# How is density compensation created in the ocean mixed layer?

**Authors:** Andrey O. Koch, Robert W. Helber, James G. Richman, and Charlie N., Barron

arXiv: 1906.09904 · 2019-06-25

## TL;DR

This paper investigates how turbulent mixing influences horizontal density compensation in the ocean's upper layer, introducing a new non-linear diffusion scheme and analyzing its effects at different scales.

## Contribution

It introduces a novel non-linear horizontal diffusion scheme and analyzes the role of mixing in creating density compensation at submesoscales.

## Key findings

- Horizontal mixing with constant diffusivities does not significantly change density gradients.
- The new non-linear scheme can produce compensated gradients at scales of 10 km or less.
-  External forcing is necessary to reproduce observed compensation at larger scales.

## Abstract

This study examines the impact of turbulent mixing on horizontal density compensation in the upper ocean. A series of simulations model the role of mixing in scenarios initialized with geostrophically-adjusted compensated and uncompensated thermohaline gradients. Numerical experiments isolate the influence of mixing on these gradients using idealized conditions with zero surface heat and momentum flux. Prompted by theoretical considerations and observed consequences of mixing, a new non-linear horizontal diffusion scheme is introduced as an alternative to the standard Laplacian diffusion. Results suggest that when horizontal mixing is parameterized using constant diffusivities, horizontal density compensation is substantially unchanged as the gradients erode.
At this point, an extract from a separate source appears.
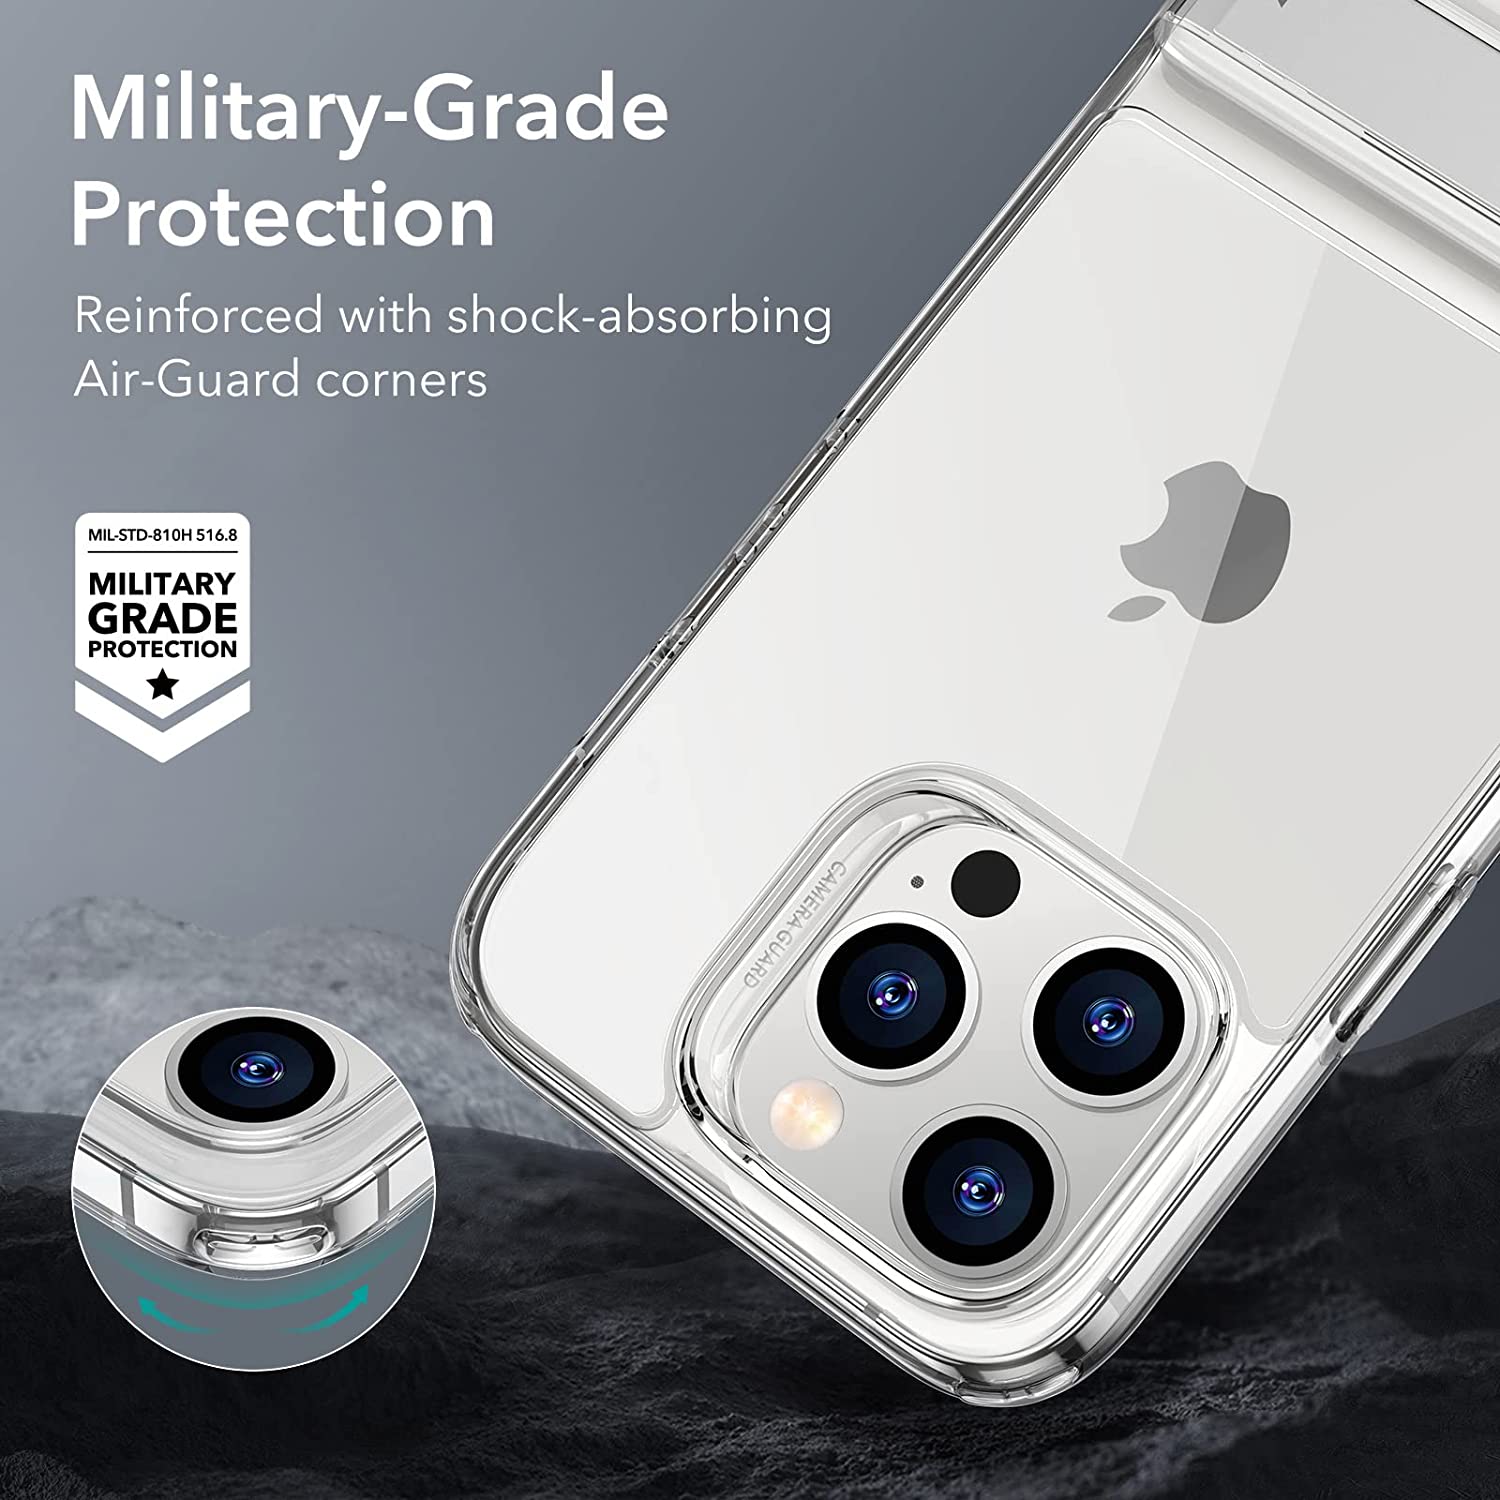 Ốp Lưng cho iPhone 14 Pro / iPhone 14 Pro Max ESR Metal Kickstand Phone Case - Hàng Chính Hãng

Simulations using the new scheme, which parameterizes mixing with horizontal diffusivities scaled by squared buoyancy gradient, suggest that horizontal mixing can produce compensated gradients during this decay, but only at scales of 10 km and less. Reducing vertical mixing to small background values has a similar effect, increasing the degree of compensation at submesoscales. Reproducing observed compensated thermohaline variability in the mixed layer at scales greater than 10 km requires external forcing. These results show important influences of mixing on density compensation within the ageostrophic submesoscale regime. In the transition from a horizontally compensated mixed layer to a partially compensated thermocline, advection must play an important role; mixing alone is insufficient.